═══ EXTRACTED ENTRIES ═══

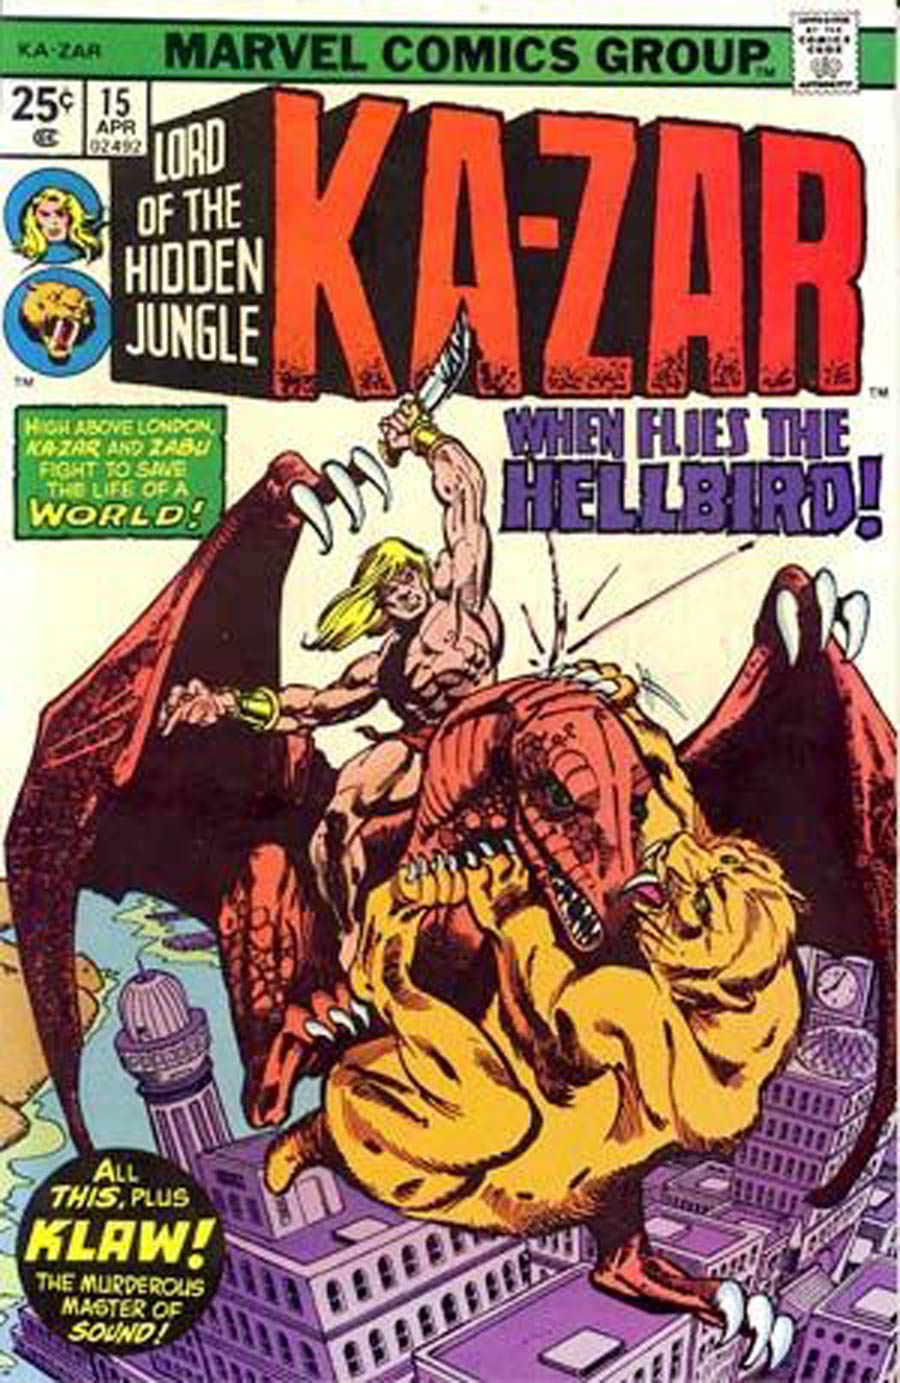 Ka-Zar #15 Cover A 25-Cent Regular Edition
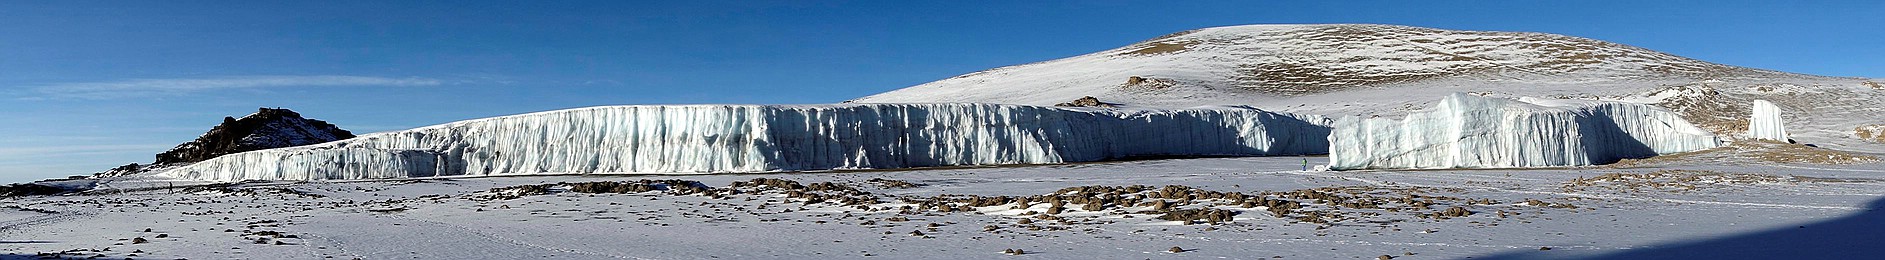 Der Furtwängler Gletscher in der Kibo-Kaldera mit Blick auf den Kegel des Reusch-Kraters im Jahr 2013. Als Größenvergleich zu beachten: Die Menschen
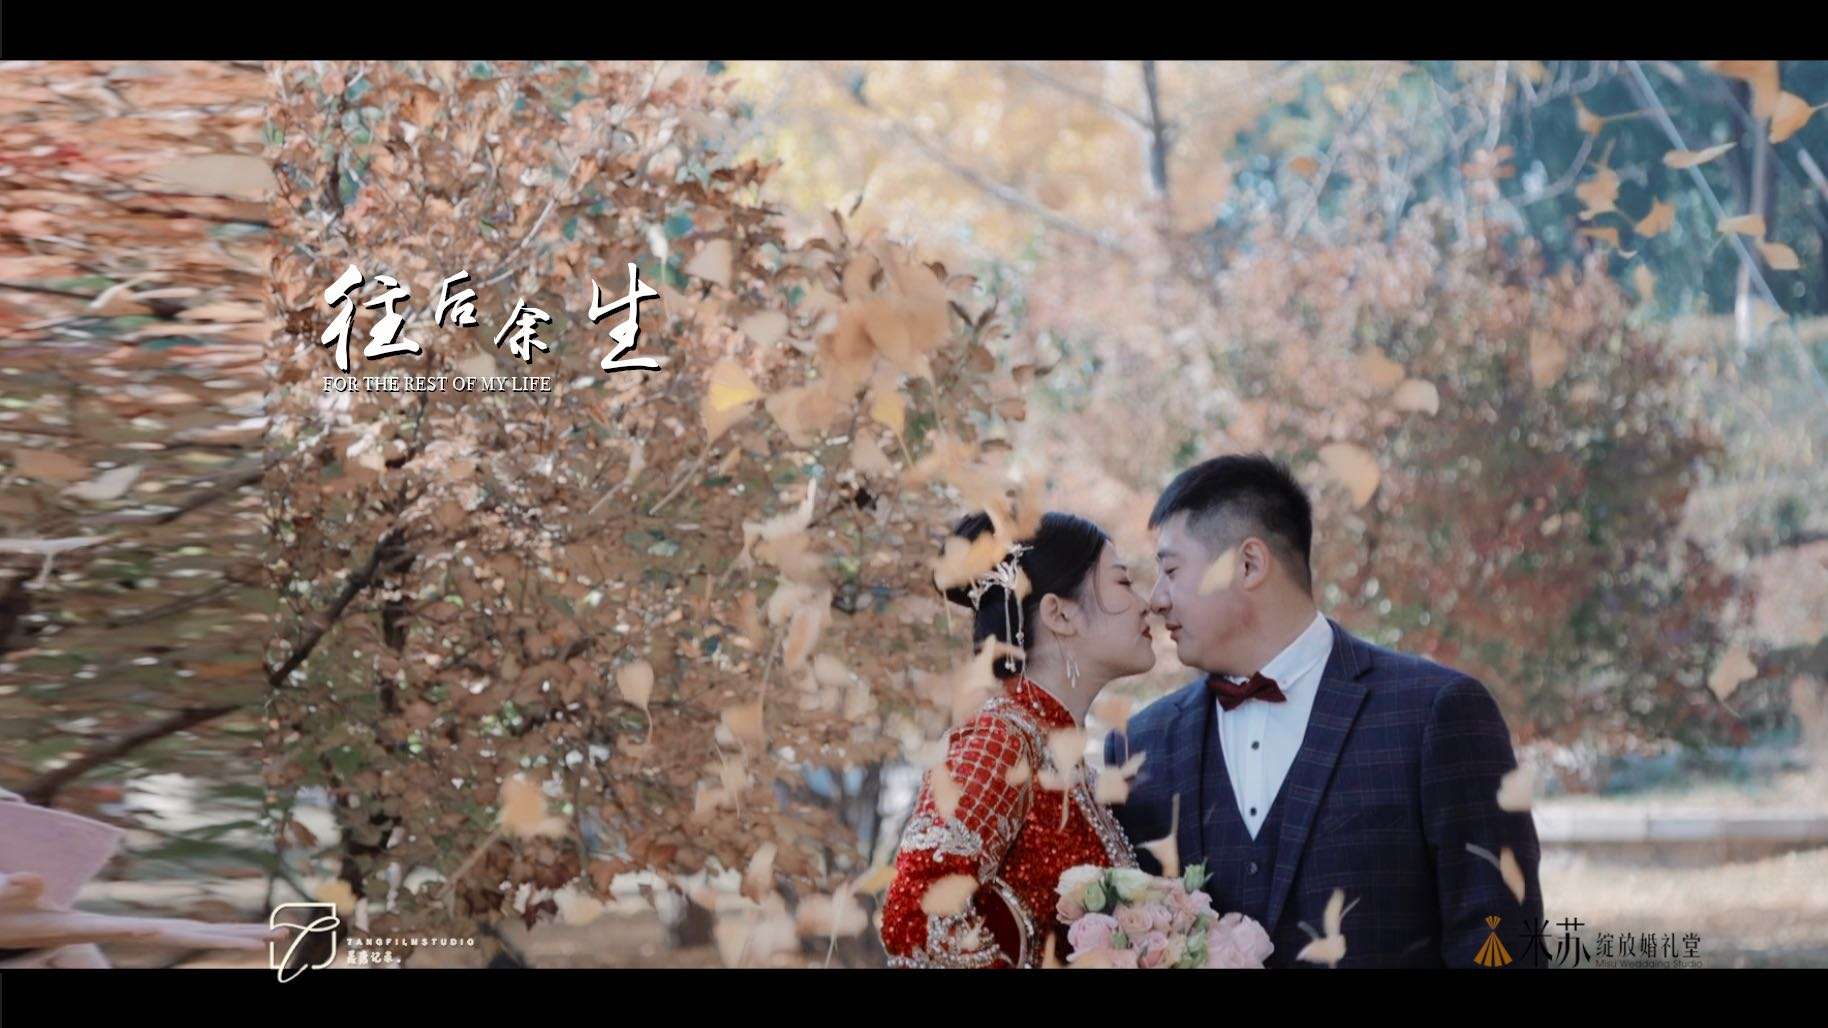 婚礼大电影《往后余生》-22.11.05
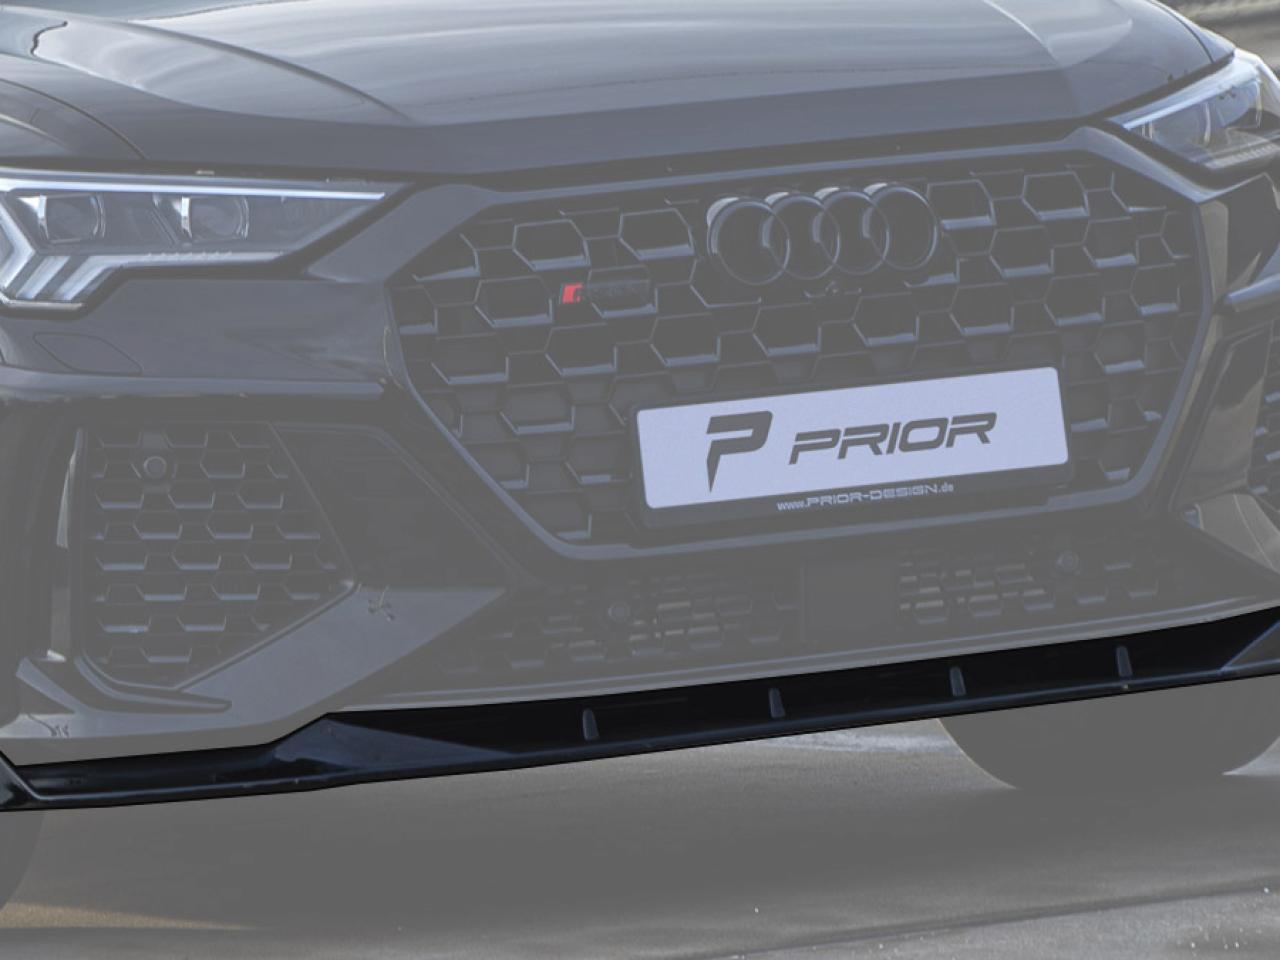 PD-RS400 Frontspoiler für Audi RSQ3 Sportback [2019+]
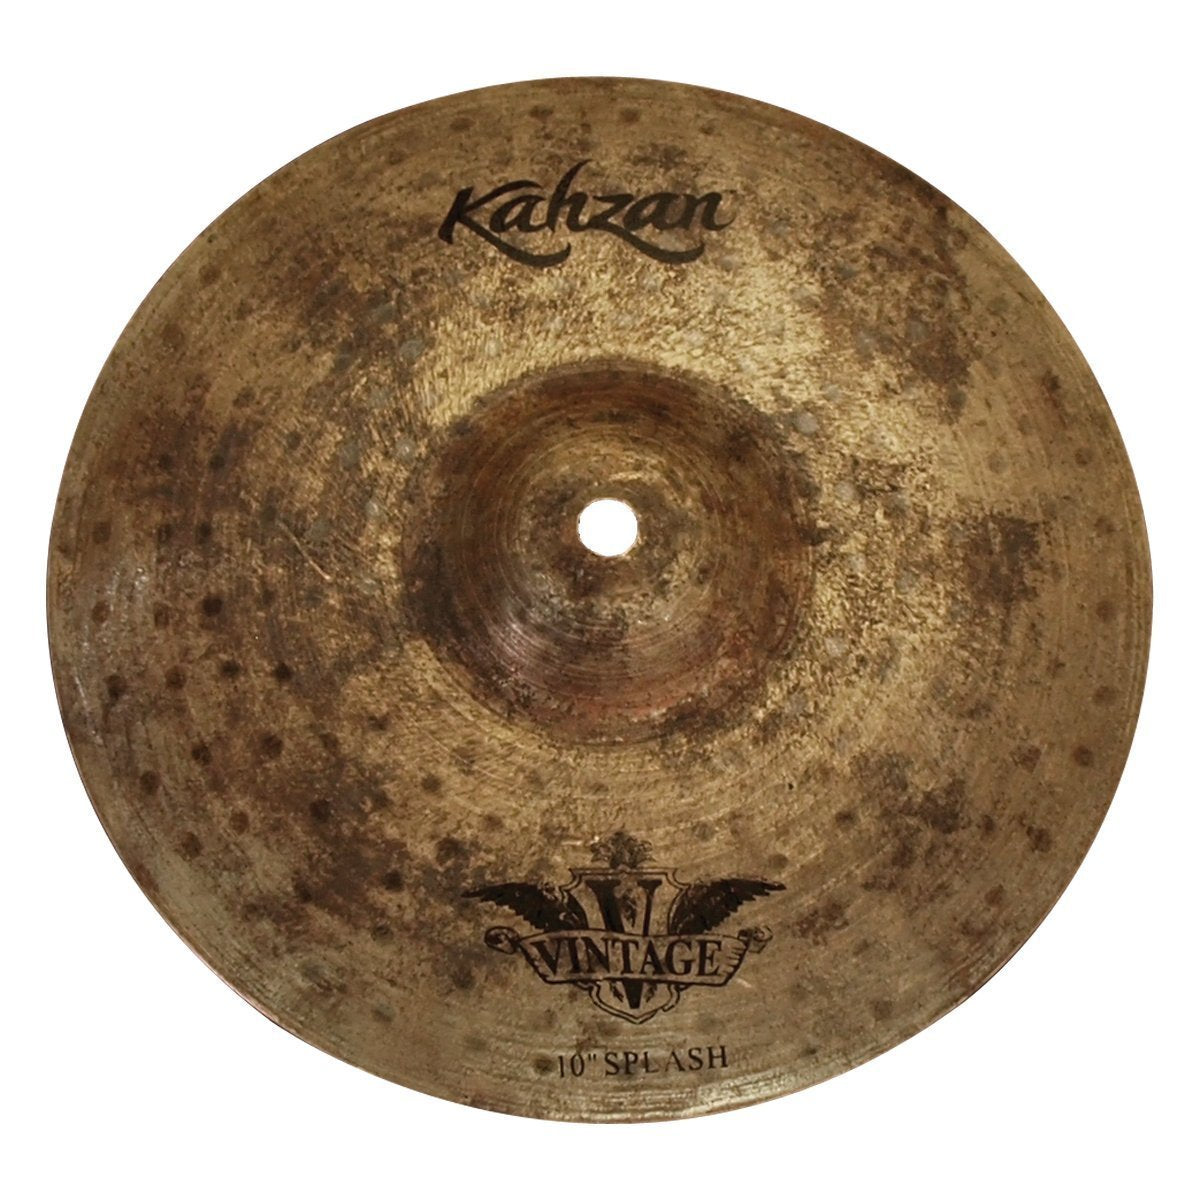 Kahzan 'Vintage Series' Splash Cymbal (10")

═══

§ WHAT YOU NEED TO DO:
Find the line with "Der Furtwängler Gletscher". Reproduce it and every line after it through the last line above exactly, leaving out the pictures.

§ ANSWER SECTION:
 Der Furtwängler Gletscher in der Kibo-Kaldera mit Blick auf den Kegel des Reusch-Kraters im Jahr 2013. Als Größenvergleich zu beachten: Die Menschen
 婚礼大电影《往后余生》-22.11.05
 PD-RS400 Frontspoiler für Audi RSQ3 Sportback [2019+]
 Kahzan 'Vintage Series' Splash Cymbal (10")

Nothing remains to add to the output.